You might think: “Sure.. but, we have a blacklist, so we’re safe!”. Wrong! Your blacklist doesn’t contain all possible permutations of fake app names. Fraudsters continuously generate new names, and sometimes even use random sequences of characters. Having and managing a whitelist of allowed appnames would be much safer! But, how safe are you really?

About two months ago Dr. Augustine Fou asked me the following question:

How difficult is it to generate or modify a HTTP web request to retrieve a webpage?

After some questions back and forth it boiled down to:

  • Can a bot modify or add a referrer to a request? And if so: How?
  • Can a bot modify or add the App name (Android)? And if so: How?
  • Can a bot modify a bid request? And if so: How?
  • Can a bot modify the domain of the website? And if so: How?

To answer these 4 questions upfront: Yes, this is possible! In this article I will show you how you can change HTTP requests in your browser and how it can be done programmatically.

Dr Fou’s post “60% of digital ad spending going to mobile apps is a bad thing” states that apps generate “30 trillion bid requests per week” [4]. Full stop! Let’s break that down: First, let’s assume this number is worldwide. In digital marketing the USA represents about 1/3rd of the worldwide volume. The USA population is according wikipedia 335 million. So, 10 trillion bid requests divided by 335 million = 29,851 bid requests per week per person. Isn’t that a bid much? Even if one in 10 bid requests is a win that’s still 3,000 requests, or 428 advertisements a day! On average, including babies, elderly people, people working, etc. Isn’t this number a bit steep?
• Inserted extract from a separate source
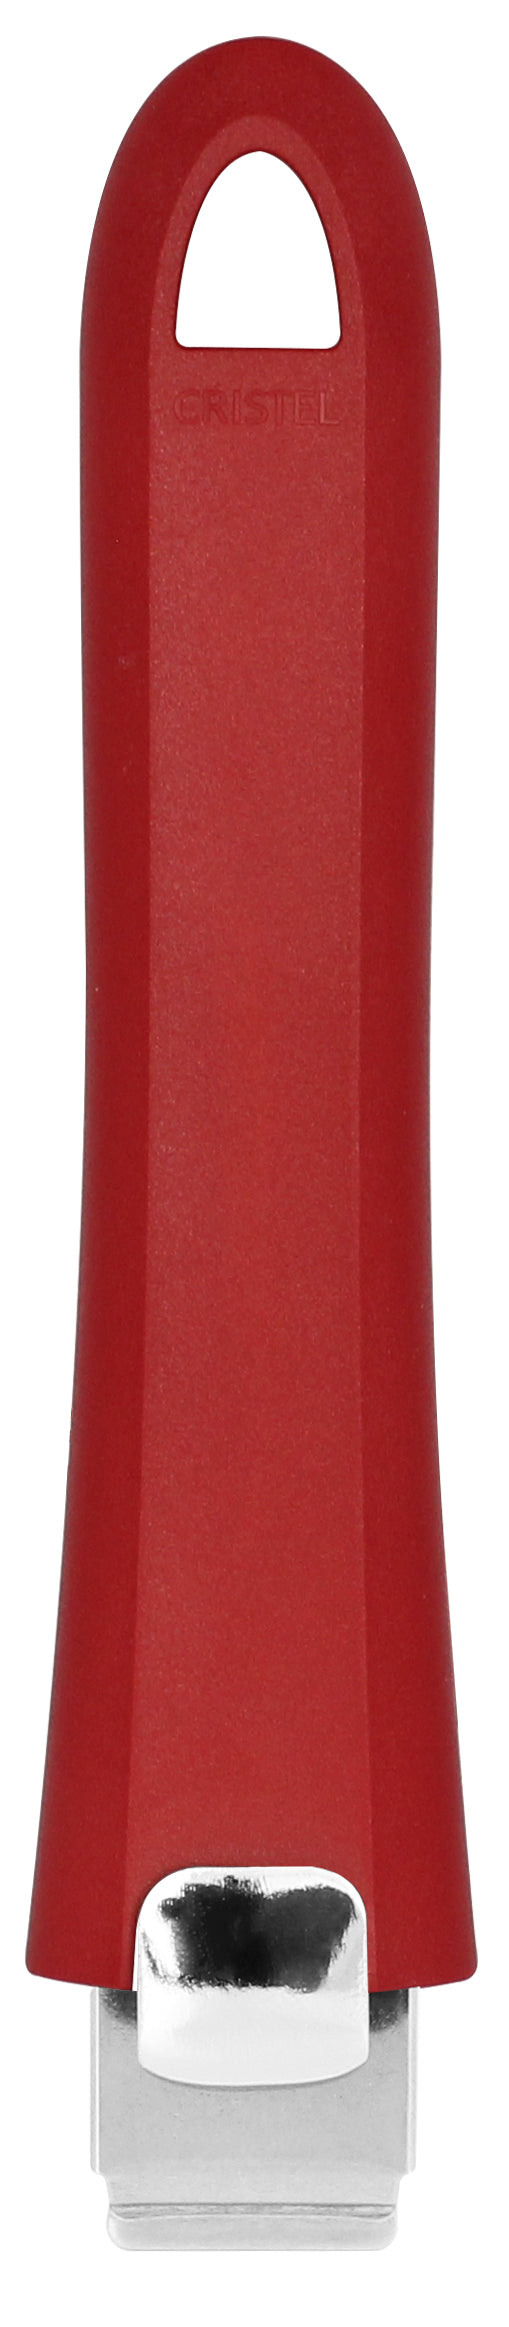 Poignée Mutine amovible rouge framboise | CRISTEL
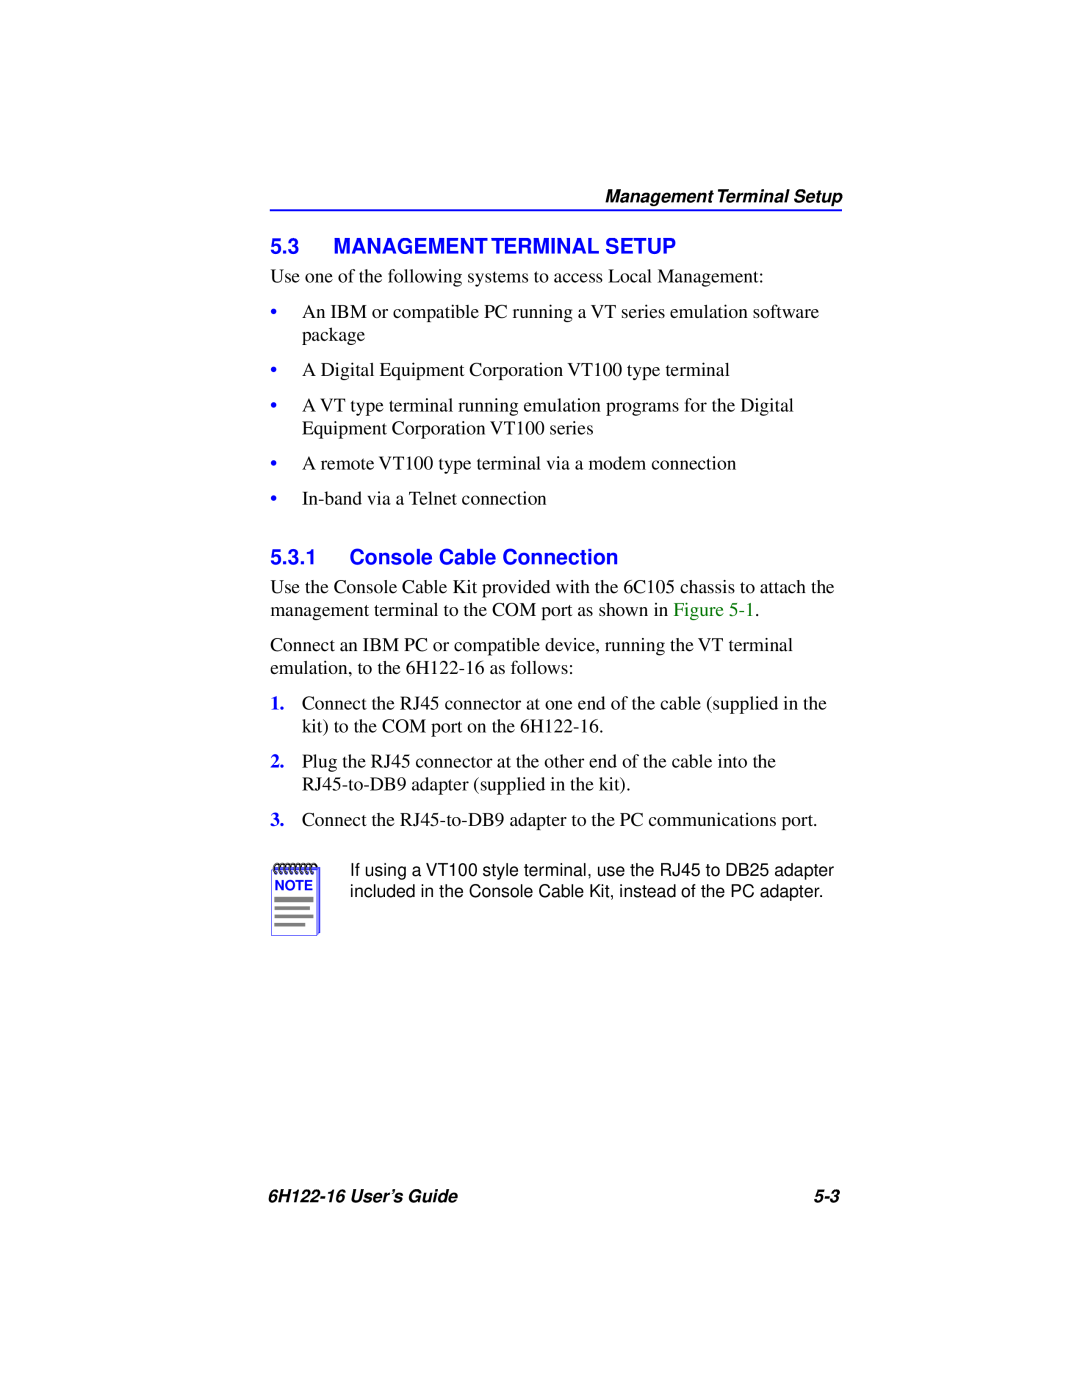 Cabletron Systems 6H122-16 manual Management Terminal Setup, Console Cable Connection

Maybe you remember Dr Fou’s post in August 2024 as shown in Figure 1 [1]? This “bot attack” comprised of ~10,000 request to fouanalytics.com claiming to originate from fake, though humoristic, Android apps. This bot attack wasn’t a real attack, it was an experiment where I wrote a program that fired HTTPS requests to https://fouanalytics.com while changing the Android appname by spoofing the x-requested-with HTTP header. And, yes, those app names were truly random generated.


Figure 1: "Bot attack" on fouanalytics . com showing randomly generated app names. Image taken from Dr Fou's post [1]

This article will explain the basics how I achieved this in laymans’ terms. It gives you a better understanding of how easy it is to manipulate or generate HTTP requests. Your takeaway after reading this is to not blindly trust anything online. Especially when money is involved. And even more when lots of money is involved, like in the advertising ecosystem.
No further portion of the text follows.